Iran presidential lineup

May 25, 2021 - 21:5

TEHRAN – The Iranian Interior Ministry finally issued the much-awaited list of candidates who were found eligible to run for president, ending a wave of rumors and speculations over the potential array of candidates in the June presidential election. 

The ministry said in a statement that it received the list of candidates whose qualifications were confirmed by the Guardian Council. The list included a number of prominent figures such as Saeed Jalili, Seyed Ebrahim Raisi, Alireza Zakani, Seyed Amir Hossein Qazizadeh Hashemi, Mohsen Mehralizadeh, Mohsen Rezaei, and Abdolnaser Hemmati.

These candidates are now allowed to start election campaigns and promote themselves in the eyes of millions of voters across the country. 

The list of candidates came as a surprise to many observers as it did not include some prominent figures who have been widely thought to be qualified for the 13th presidential election of the Islamic Republic. Former Majlis Speaker Ali Larijani, First-Vice President Es’haq Jahangiri, and Saeed Mohammad, the former chief of the Islamic Revolution Guard Corps’ engineering conglomerate Khatam al-Anbiya, were among the disqualified candidates. 

According to Fars News, the election vetting body disqualified at least 18 candidates who are principlist or close to the principlist faction. It also rejected 14 candidates who are reformists or close to the reformist faction. 

This was a clear indication that the Guardian Council refused to vet candidates on the basis of their political affiliation. In fact, the council set a clear example of impartiality and abiding by law by disqualifying Larijani, who currently serves as an advisor to the Leader on international affairs. 

Larijani was widely promoted by moderate and reformist political circles as a candidate whose ties to the establishment enable him to earn qualification from the council and turn the tide in favor of reformists and their moderate allies in the government of Hassan Rouhani. 

But the Guardian Council made it clear that its vetting process is by no means subject to political or “expediency” considerations. Instead, it would examine the candidates in strict accordance with the law. 

In fact, the disqualification of Larijani indicated that the council never discriminates against candidates from different political and social backgrounds. At the end of the day, Larijani has held high-level posts in the Islamic Republic for years and now is currently serving as an advisor to the Leader. This is another indication that the Guardian Council can discharge its legal duties even when it comes to disqualifying high-level figures.

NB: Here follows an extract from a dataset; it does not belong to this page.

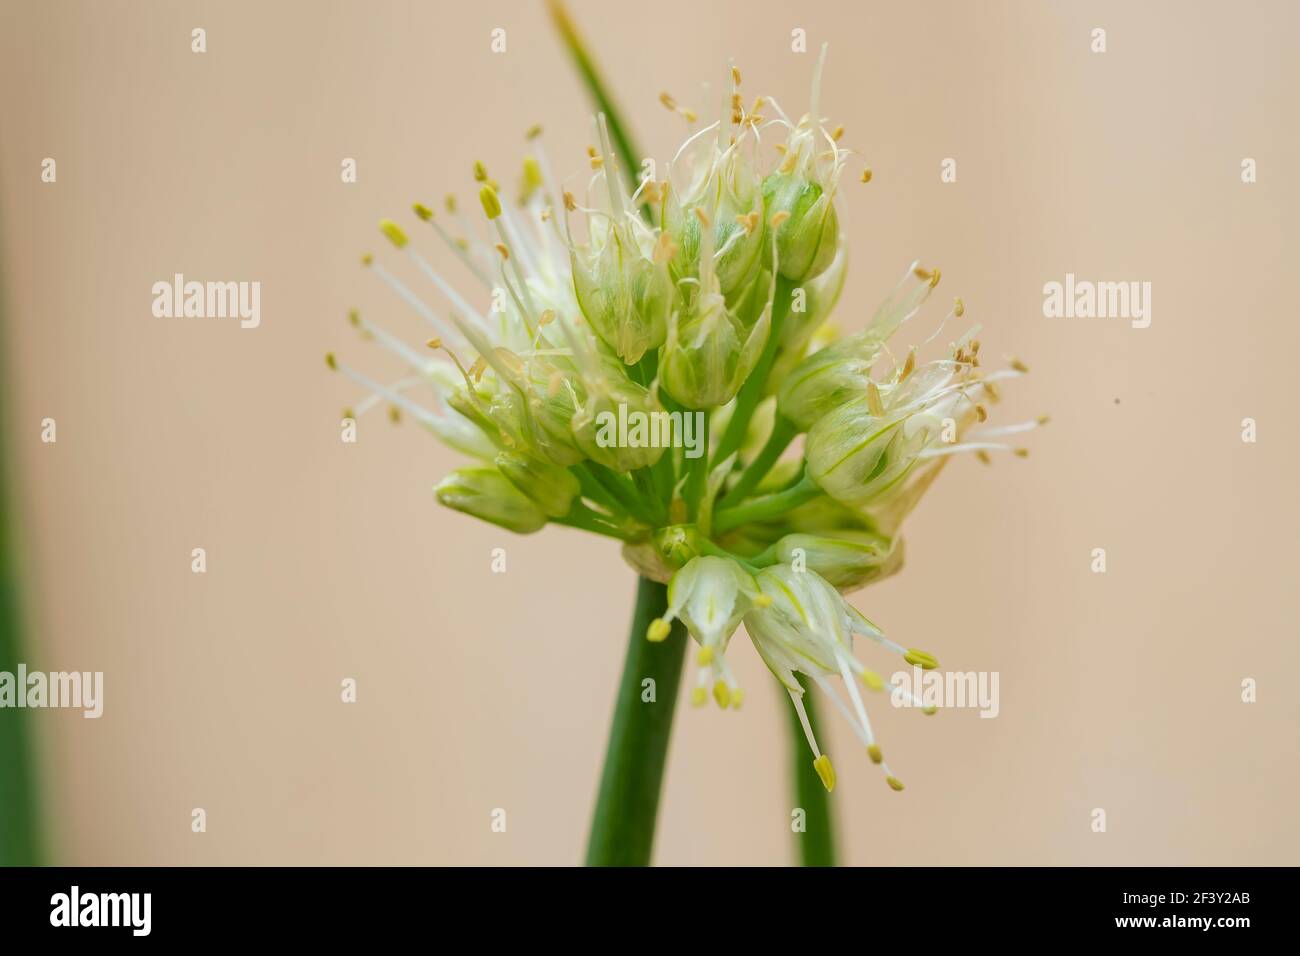 Weiße blühende Zwiebel - Allium obliquum (Alliaceae) Stockfoto

This brings us to the issue of the fluidity of the vetting process, which is more subject to present-day considerations than to past experiences. In some cases, the Guardian Council confirms individuals who have been disqualified in the past and vice versa. This does not mean that council’s criteria for screening are changing from time to time. The standards and criteria of the Guardian Council are subject to the law as a yardstick for who will be qualified or disqualified.

Regardless of the standards, the council performs its duty in legal but quiet ways. Usually, the oversight body does not publicly reveal the reasons behind its decisions regarding the candidates. And this has paved the way for some political factions to unfairly blame it for disqualifying certain candidates. Despite these criticisms, the council continues to protect the confidentiality of the vetting process. This has much to do with protecting the privacy of candidates.  

If the council reveals the reasons behind the disqualifications, the disqualified candidates’ reputation may be damaged; at the end of the day, the vetting process also includes security details about the candidates. That’s why the Guardian Council continues to vet candidates in a legal way while protecting the candidates’ reputation from being undermined by a formal process that is designed to increase social and political cohesion.